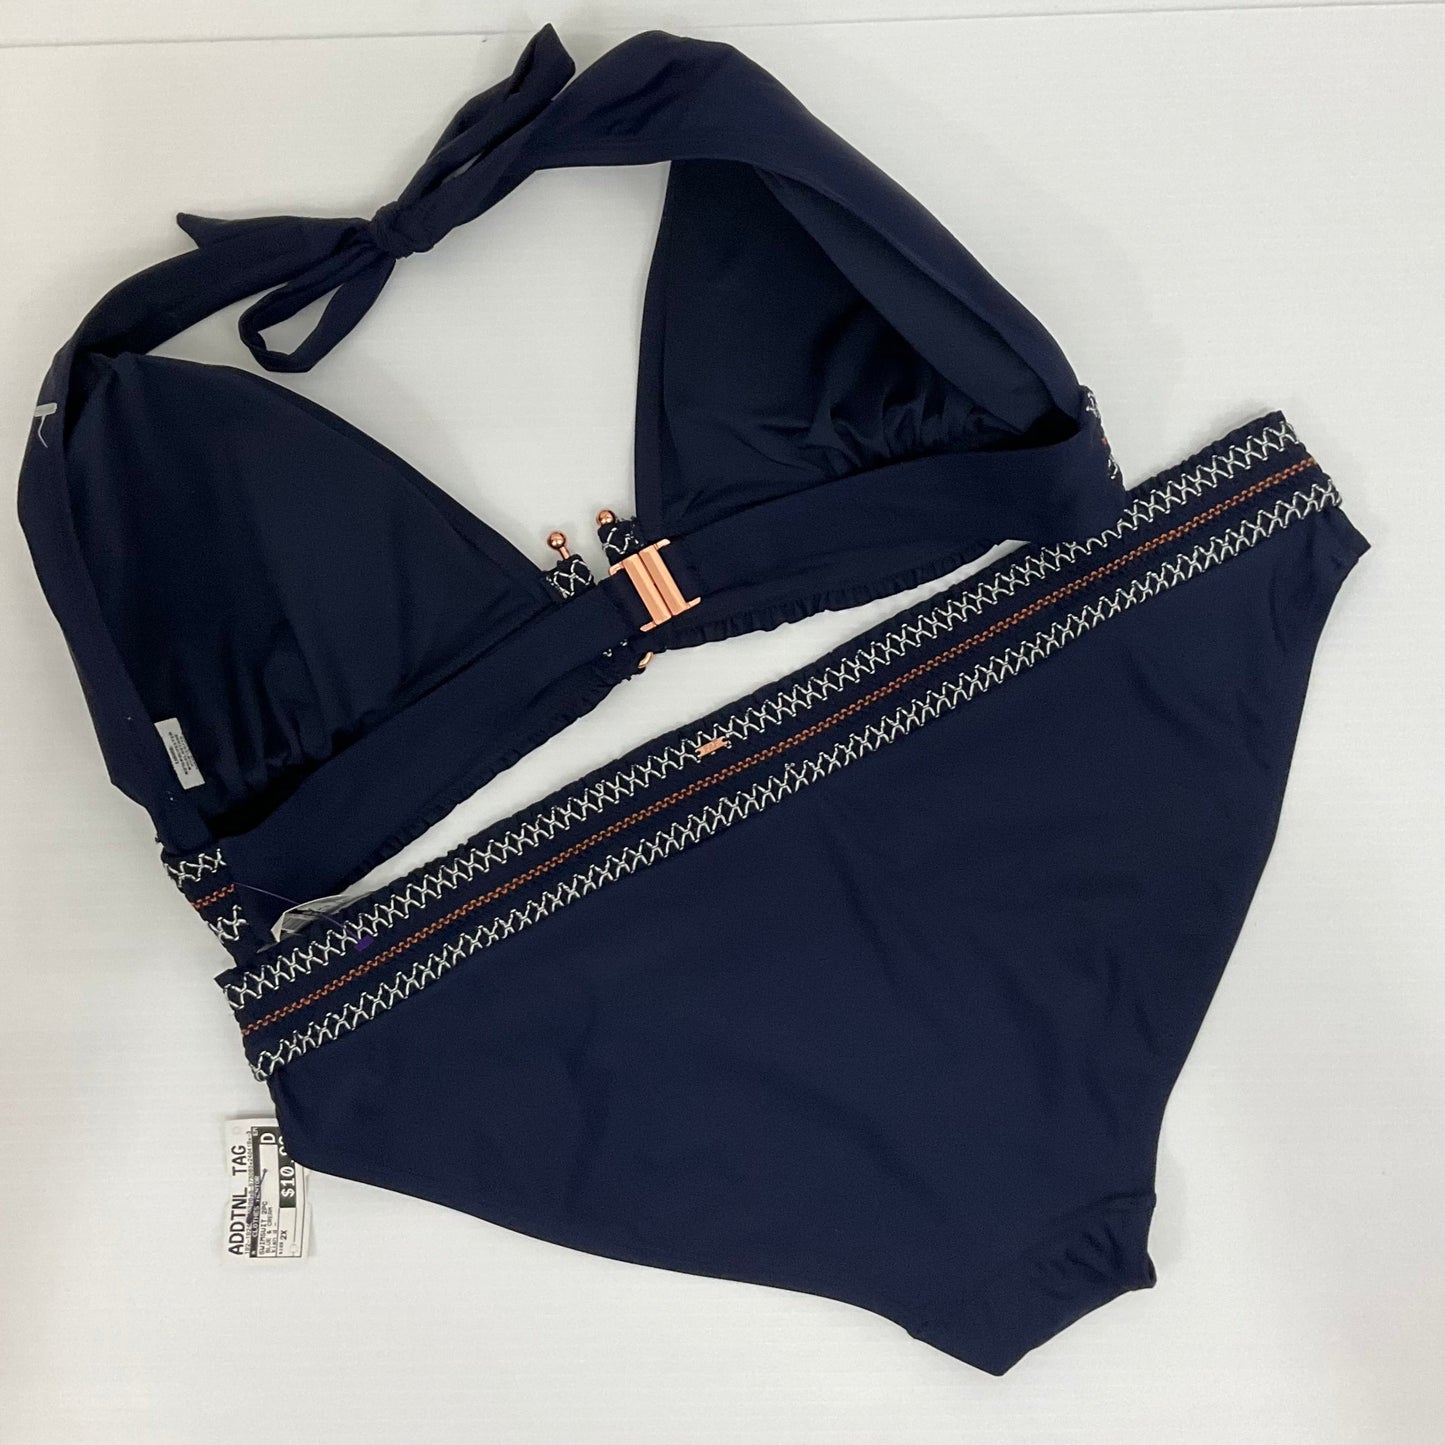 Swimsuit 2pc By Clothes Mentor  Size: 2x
--
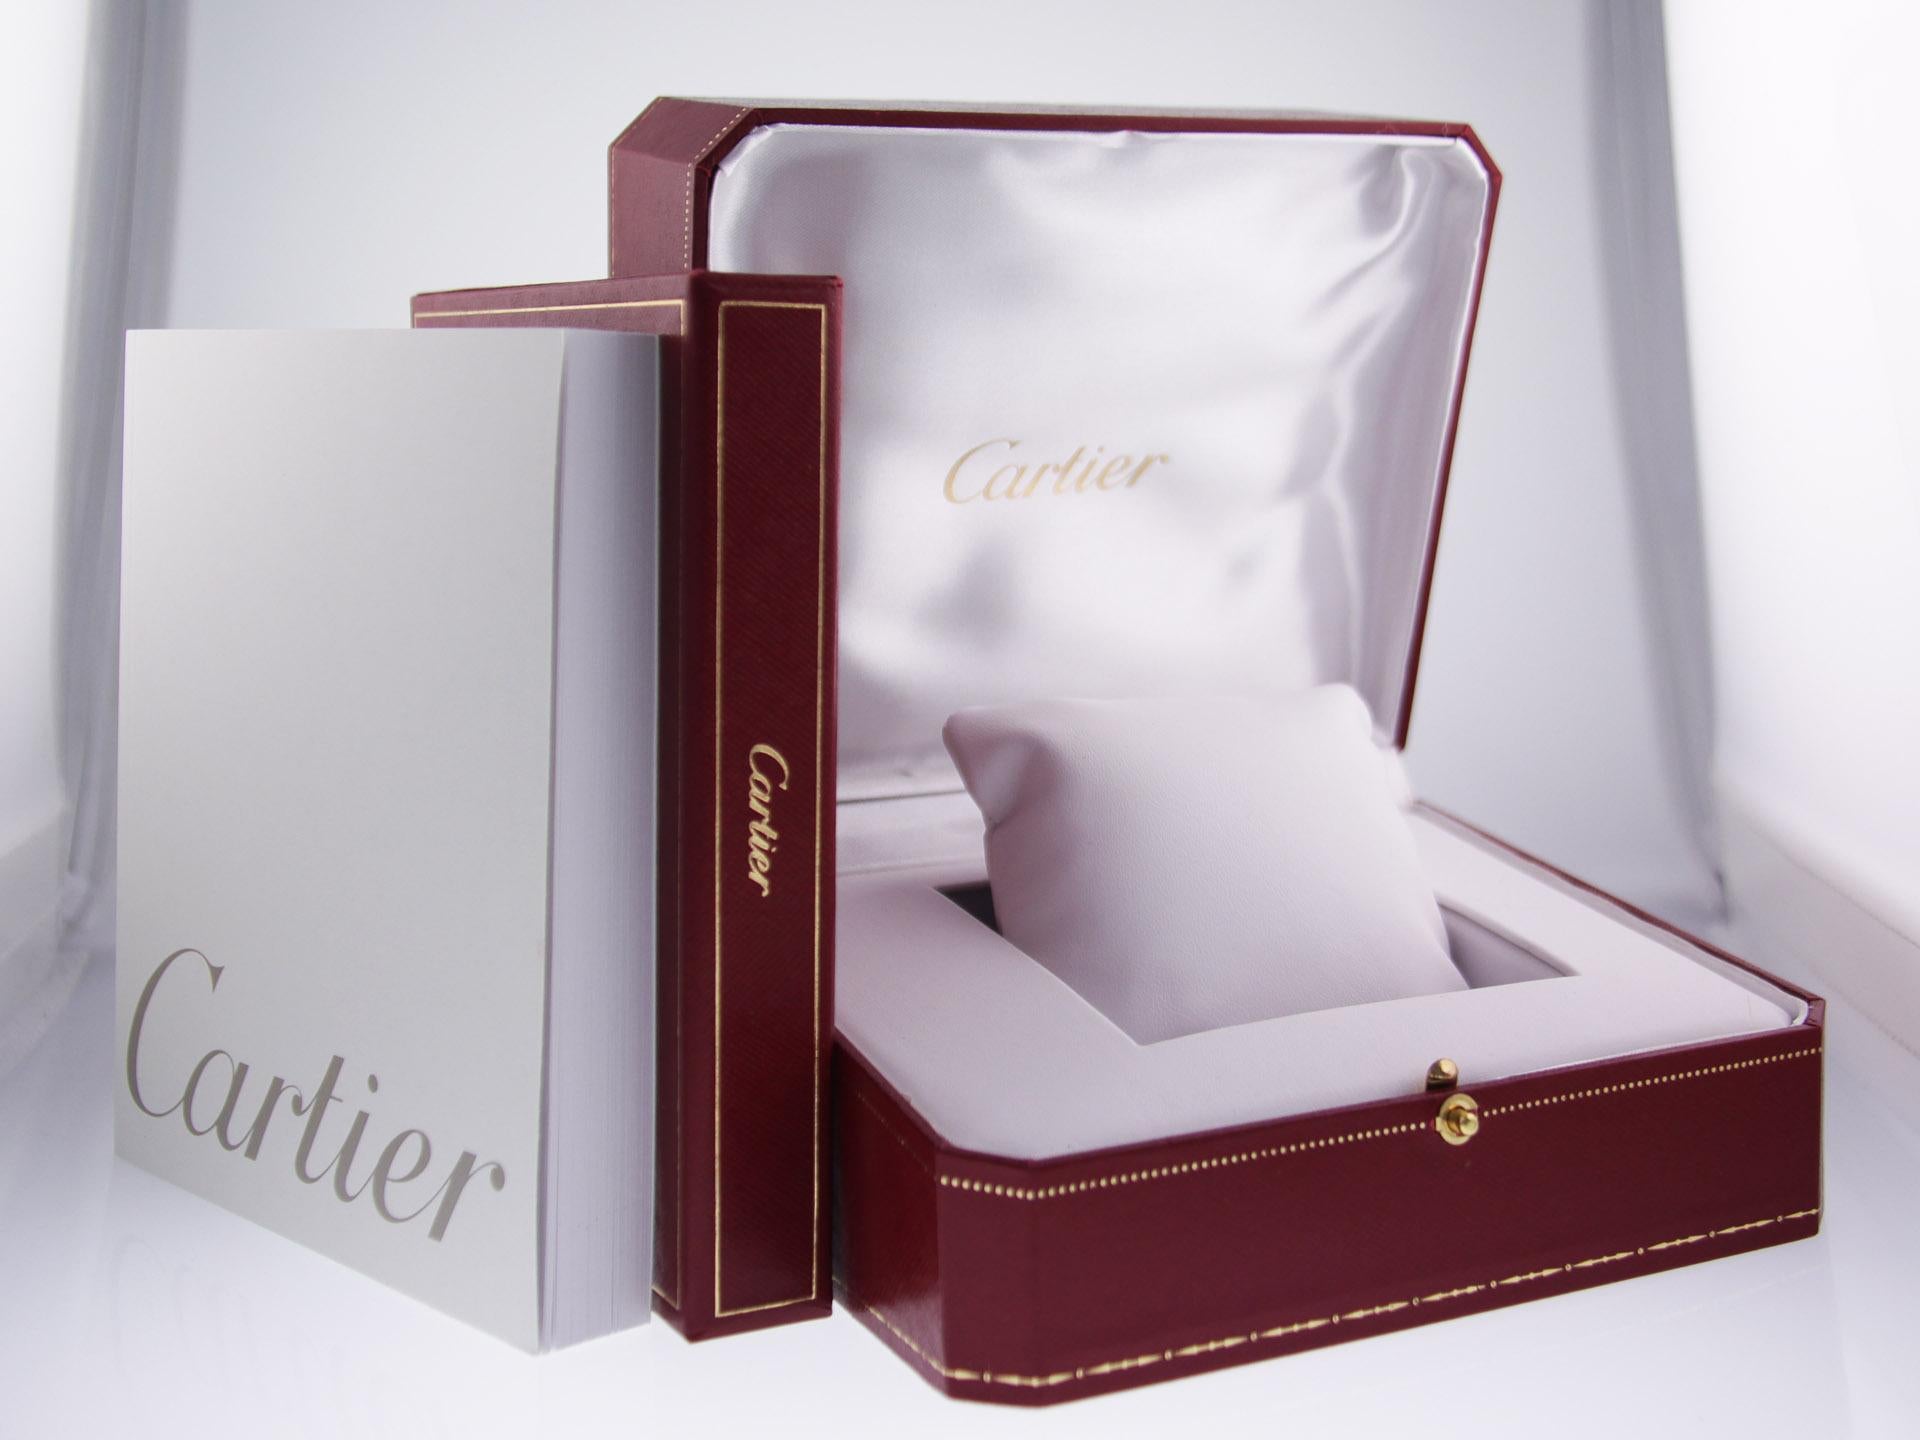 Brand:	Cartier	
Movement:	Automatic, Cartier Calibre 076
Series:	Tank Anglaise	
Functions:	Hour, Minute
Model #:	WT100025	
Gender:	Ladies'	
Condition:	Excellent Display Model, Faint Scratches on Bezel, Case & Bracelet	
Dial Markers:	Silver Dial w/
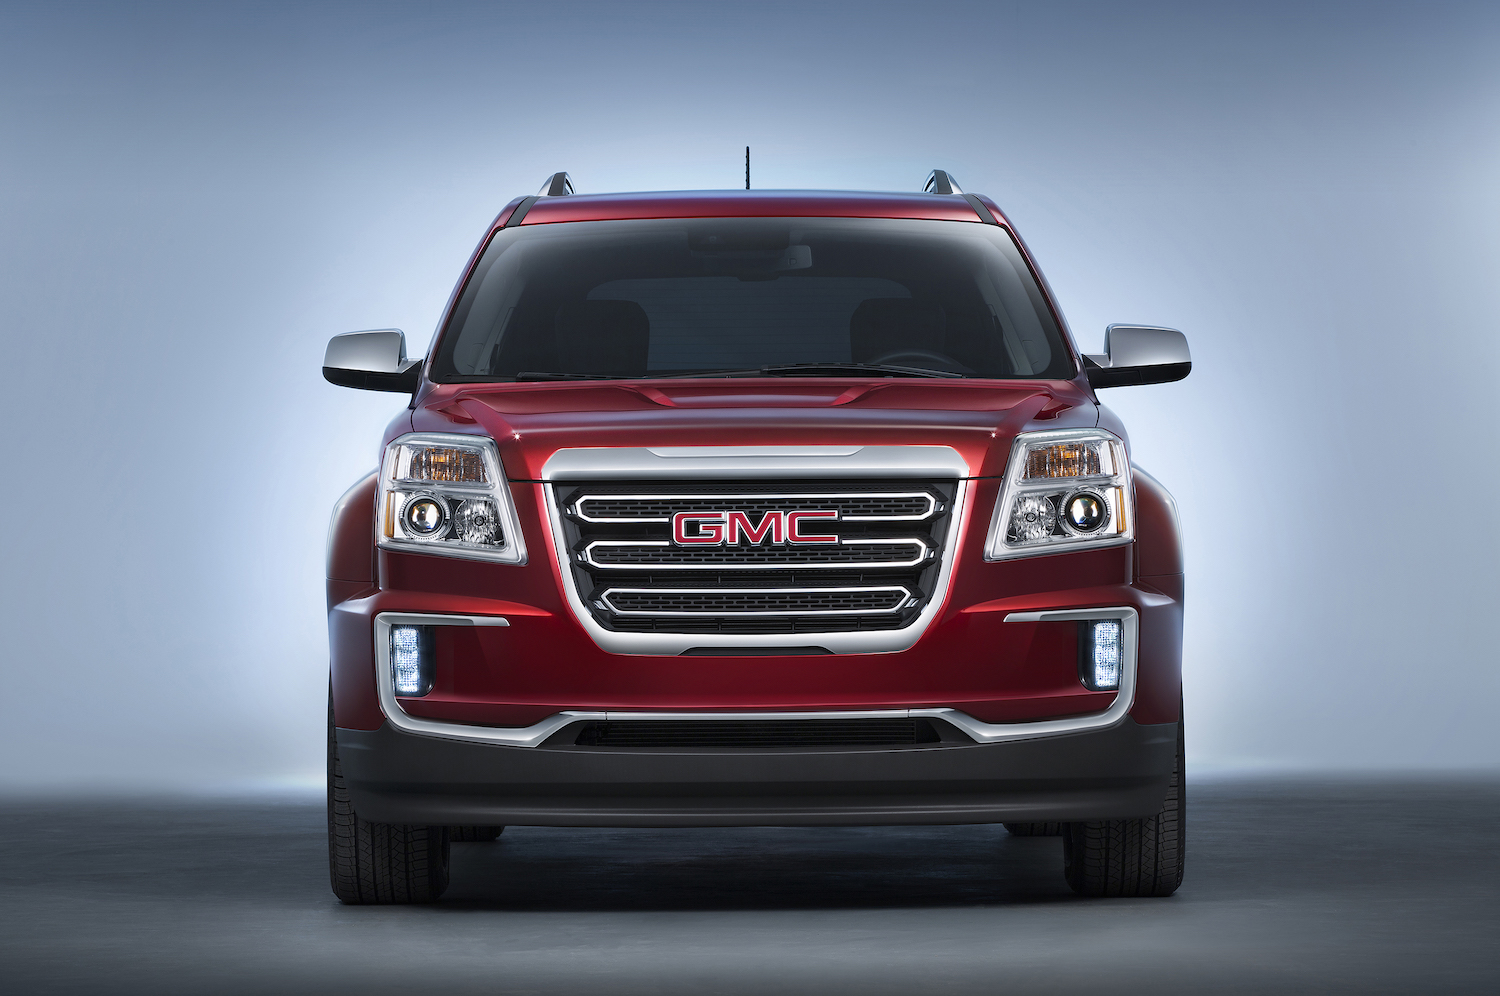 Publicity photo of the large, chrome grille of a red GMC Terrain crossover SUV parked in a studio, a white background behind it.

*What to produce*: Please go through the entries and show every line with the word "Model".

*Task output*:
Model #:	WT100025	
Condition:	Excellent Display Model, Faint Scratches on Bezel, Case & Bracelet	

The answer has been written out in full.